Al principio de mudarme tuve complicaciones técnicas para instalar internet y curiosamente, me di cuenta que la experiencia me estaba gustando. Empezó a ayudarme a diferenciar el lugar de trabajo y el lugar de descanso. Entonces decidí dejarlo así permanentemente.
Tener un lugar off-line te da tranquilidad. Se convierte en un lugar donde no solo piensas más, sino más claramente. Este humus interruptus en el que nos hemos convertido desaparece, al menos en parte, porque no es lo mismo mirar el mundo “on-line” por una mirilla que por una ventana, y más sabiendo que el tiempo que tienes para mirar por la mirilla es caduco (tarificación de datos)
Sé también que esta afirmación: “No tengo internet en casa” puede ser considerada muy hipster, pero me da igual. Es un poco como decir “No veo la tele” pero de eso hablaremos otro día.
El caso es que de repente mis ojos comienzan a limpiarse de pixeles y empiezo a distinguir esa figura decorativa llamada “libro”. Me encanta, lo abro y no se activa un contador de batería. La tipografía no tiembla por falta de cobertura. Y me pongo en cualquier rincón de la casa con él sin temor a tropezar con un cable. Y finalmente leo, y mi imaginación, no mis ojos, ven.

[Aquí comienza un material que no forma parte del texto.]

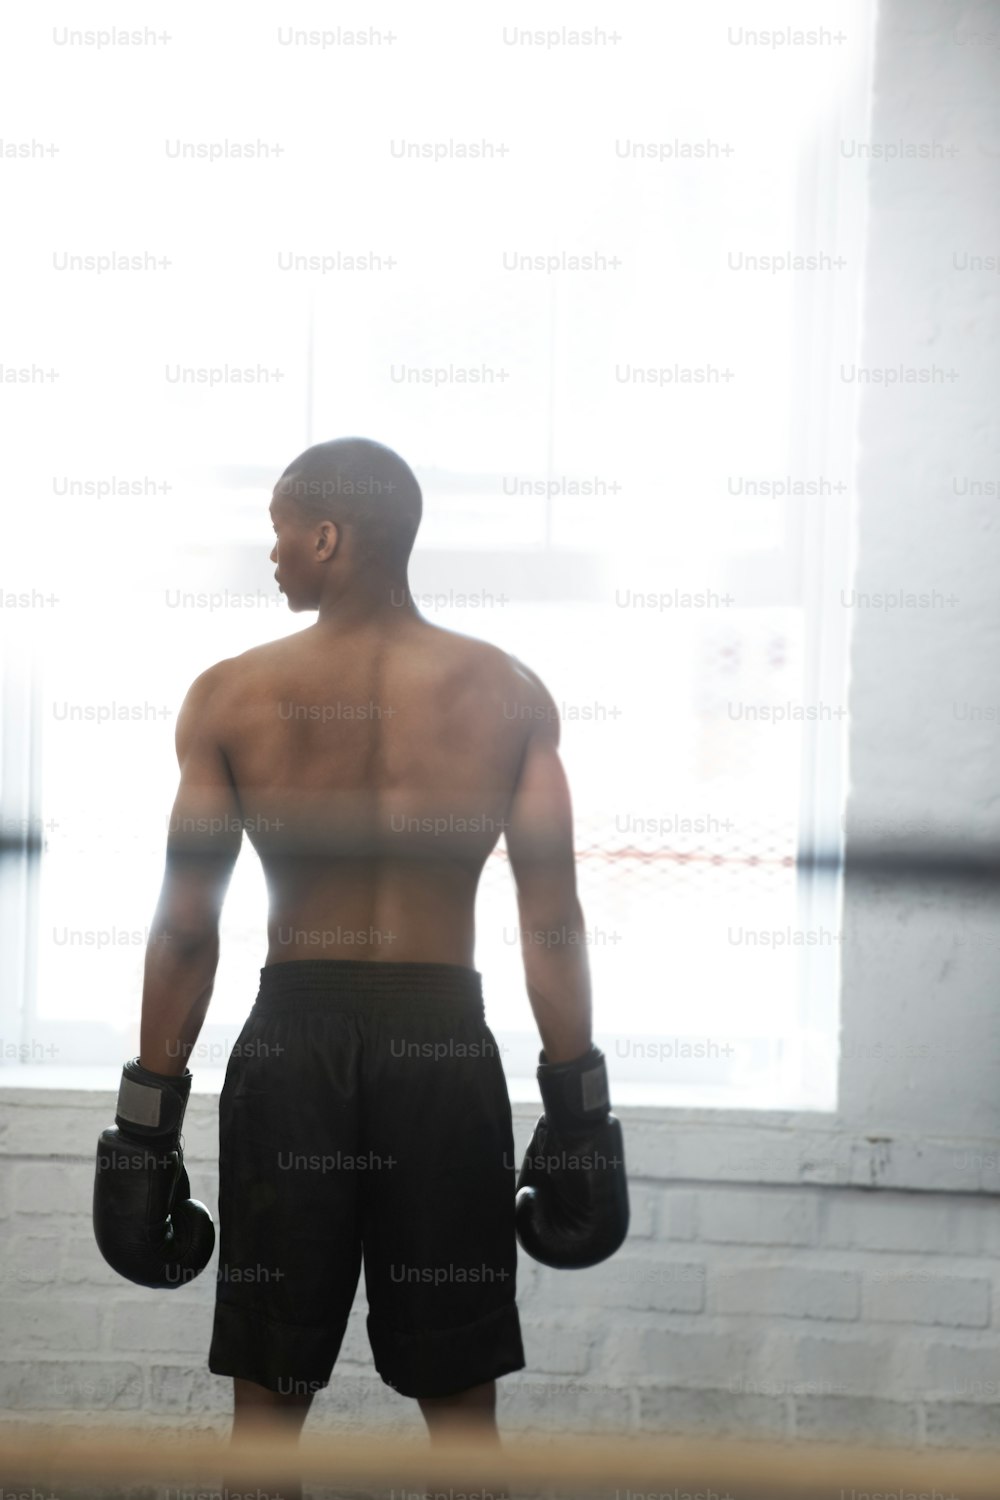 Un hombre parado en un ring de boxeo con guantes de boxeo

Porque lo visual visible está sobre valorado. Me gusta más ver lo invisible, que da mucho más margen de juego y por ello más posibilidades de diversión.
Así que por ahora seguiré sin internet en casa. Sin taladrarme con ninguna wifi, al menos la mía. Buscando la fibra sensible, pero la de verdad, para que luego al llegar al trabajo salten chispas al ponerla en común con la fibra óptica, la on-line.